About

Embracing Raw Writing: A Journey of Self-Expression

English isn’t my first language, and yet, here I am—trying to fit my thoughts into words that sometimes feel foreign, like clothes that don’t quite belong to me. I am a stranger in my own life, an outsider looking in, searching for pieces of myself in a language that wasn’t made for me. I hardly recognize my voice and my thoughts. They come out tangled, hesitant, and I wonder if they’re truly mine or if they’ve been shaped by everything I’ve tried to be. I thought that if I wrote them down, they would make more sense, that maybe I would find something familiar in the lines. But all I see are echoes, fragments of who I was and who I’m supposed to be, scattered on a page. I am both here and not here—rooted in this language yet floating somewhere outside it.

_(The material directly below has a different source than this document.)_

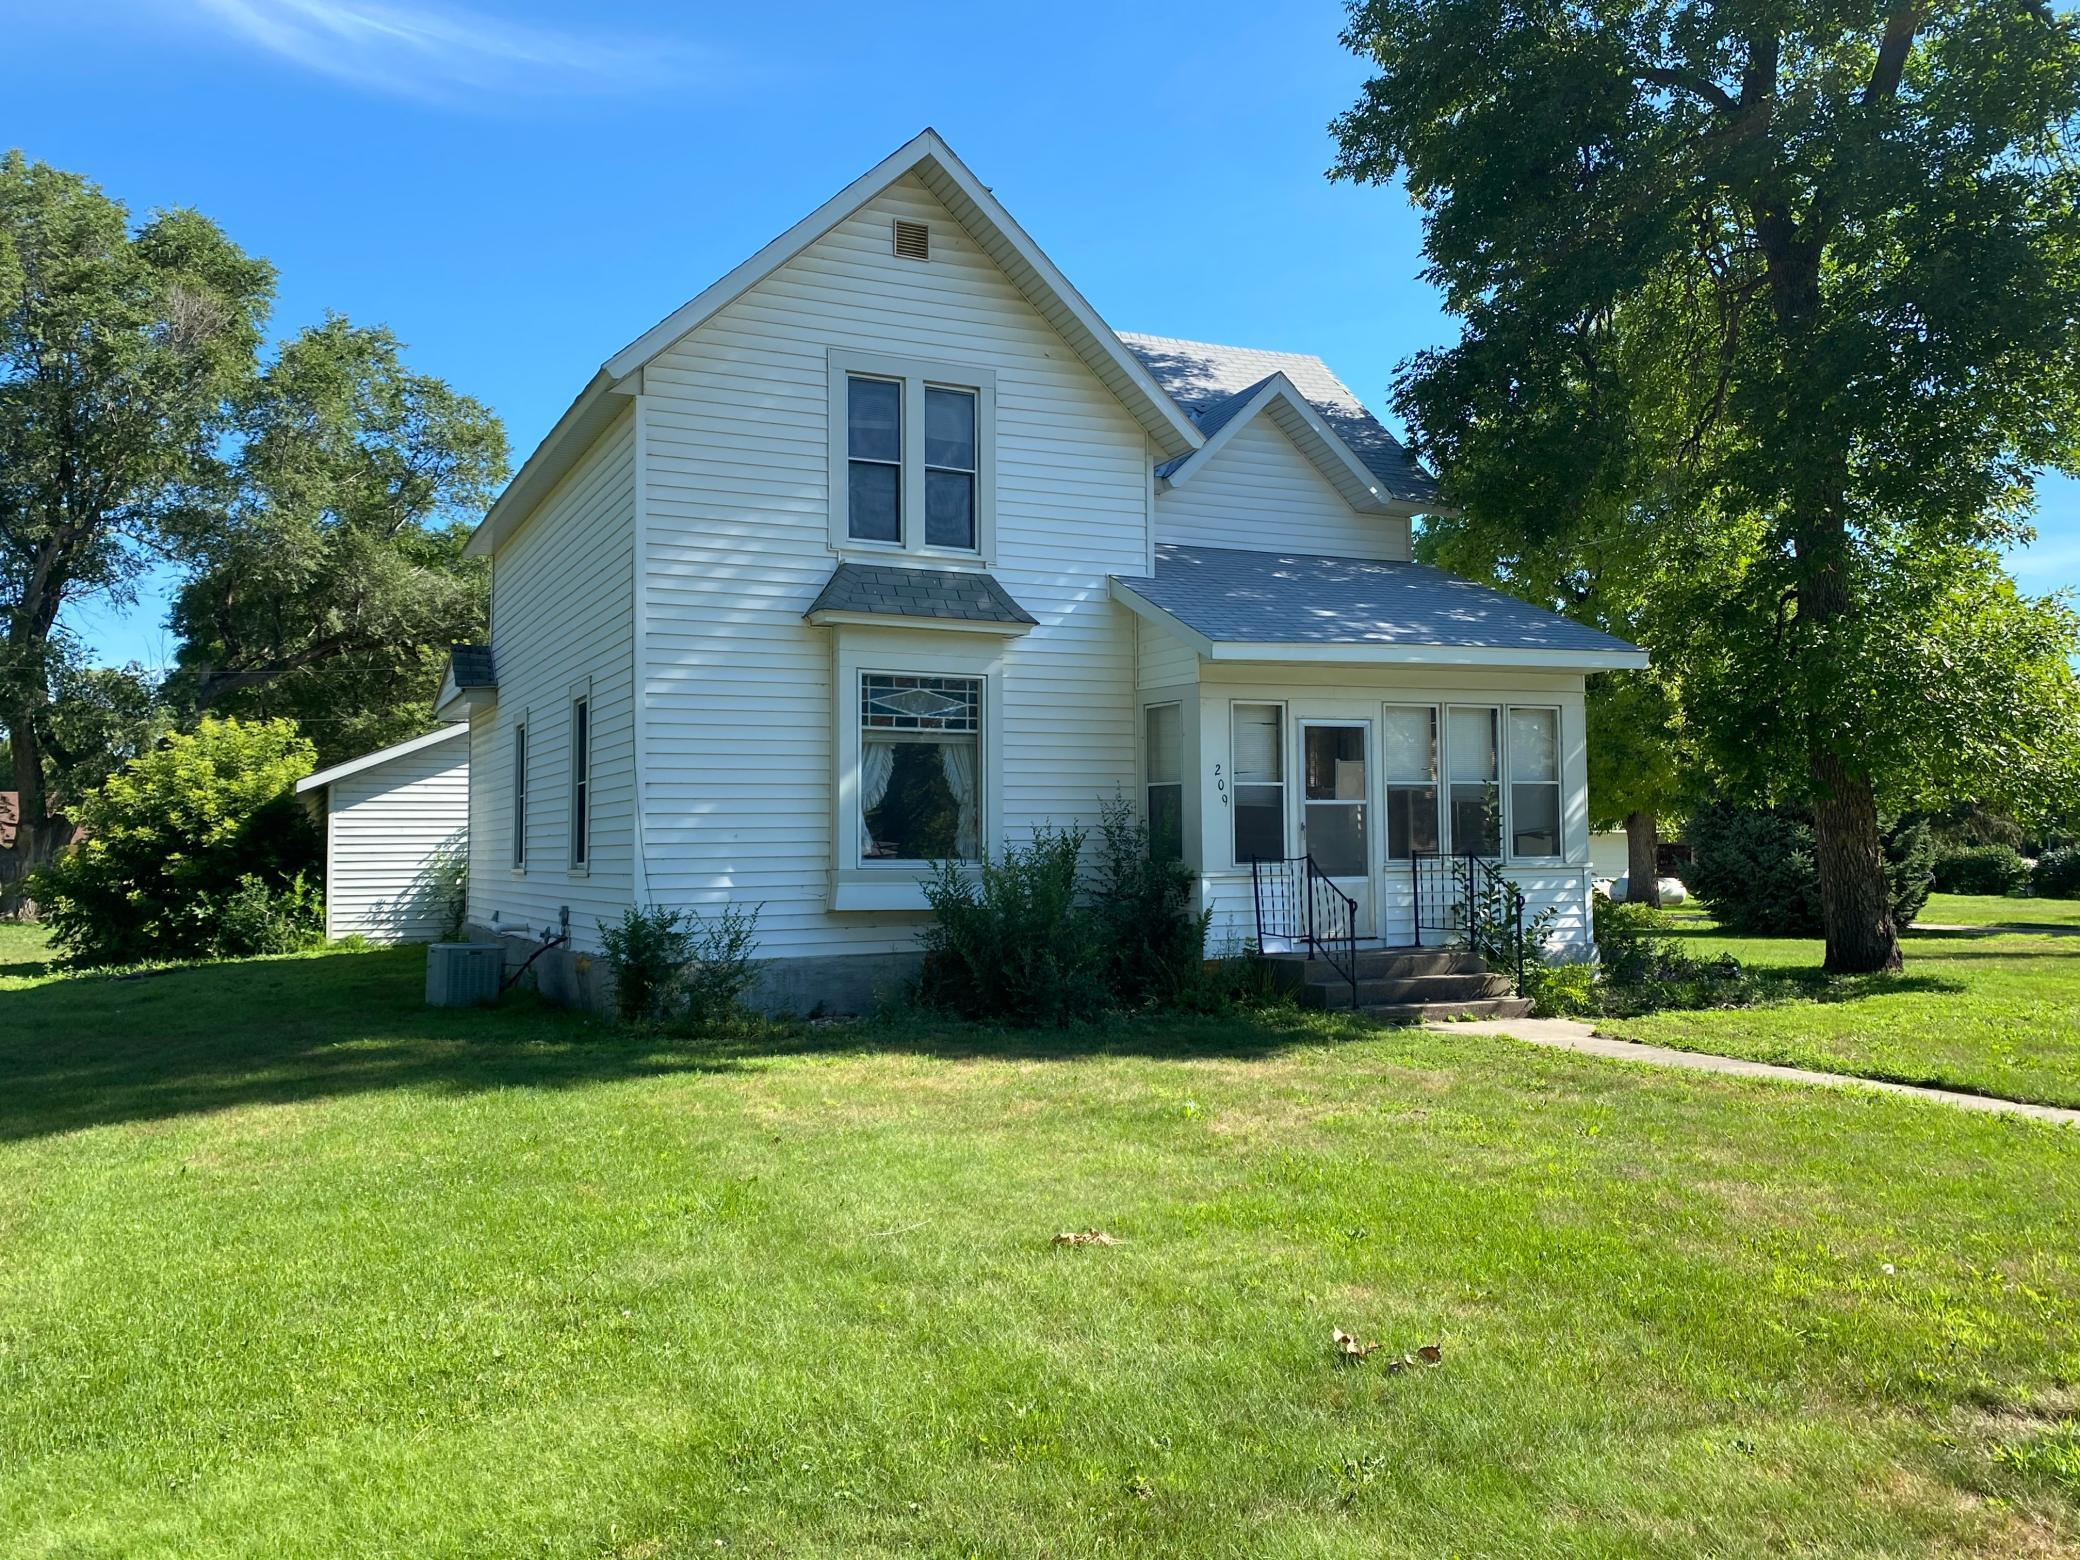 209 1st Avenue Property Photo - Bellingham, MN real estate listing
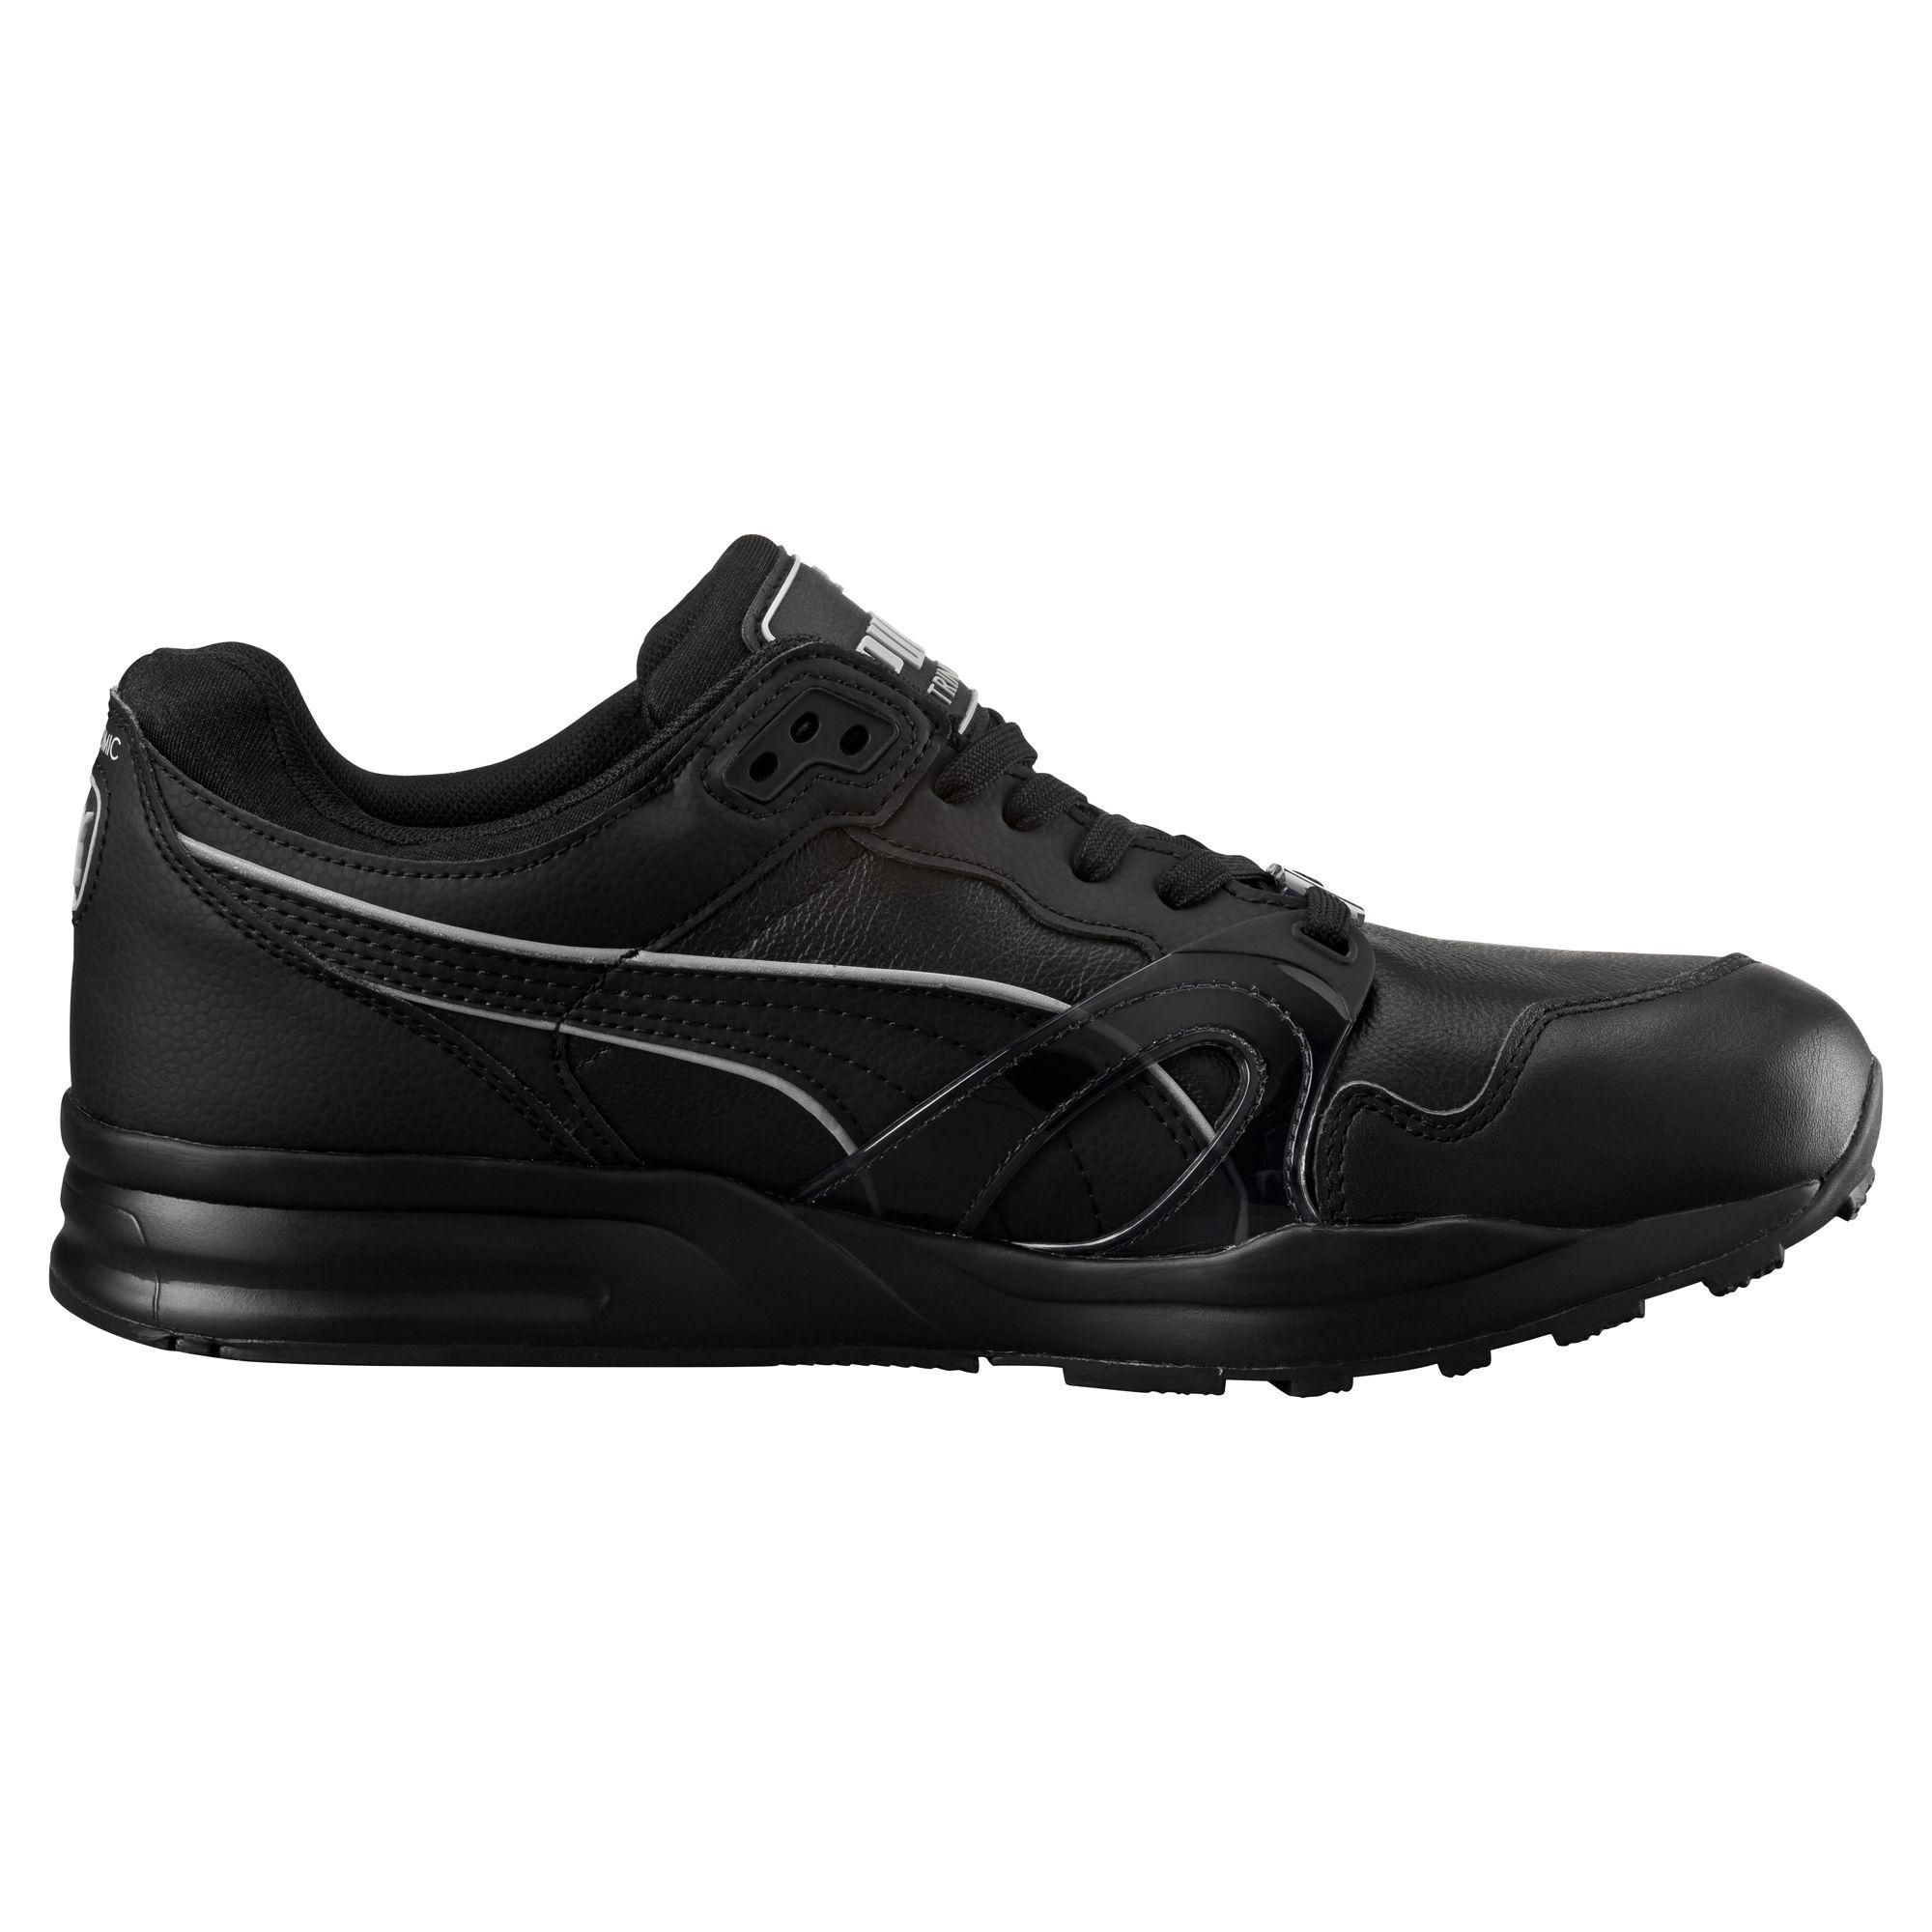 puma trinomic xt 1 reflectriple sneaker schuhe sneakers. Black Bedroom Furniture Sets. Home Design Ideas

I write in fragments, unruly verses, broken sentences strung together with a rhythm only I know. It’s not tidy, this process; it’s raw and unsettled, much like my heart. My life spills out in unfinished stories and essays, poems that don’t always rhyme, in pieces that defy any demand for neatness or closure. Each word, each line is a handhold, reaching into that murky place where fear lives—the fear of judgment, the desperate need for approval.

I’m chasing something I lost, something I set down long ago—the pure, reckless urge to write for the sake of writing, to be alive in my own words without apologies or expectation. I want to carve out space where I exist fully, raw, and unfiltered, where each line I write isn’t about pleasing anyone but about letting the story breathe, wild and unconfined. It’s not just writing; it’s a clawing back of the right to exist in my own voice, without asking anyone’s permission.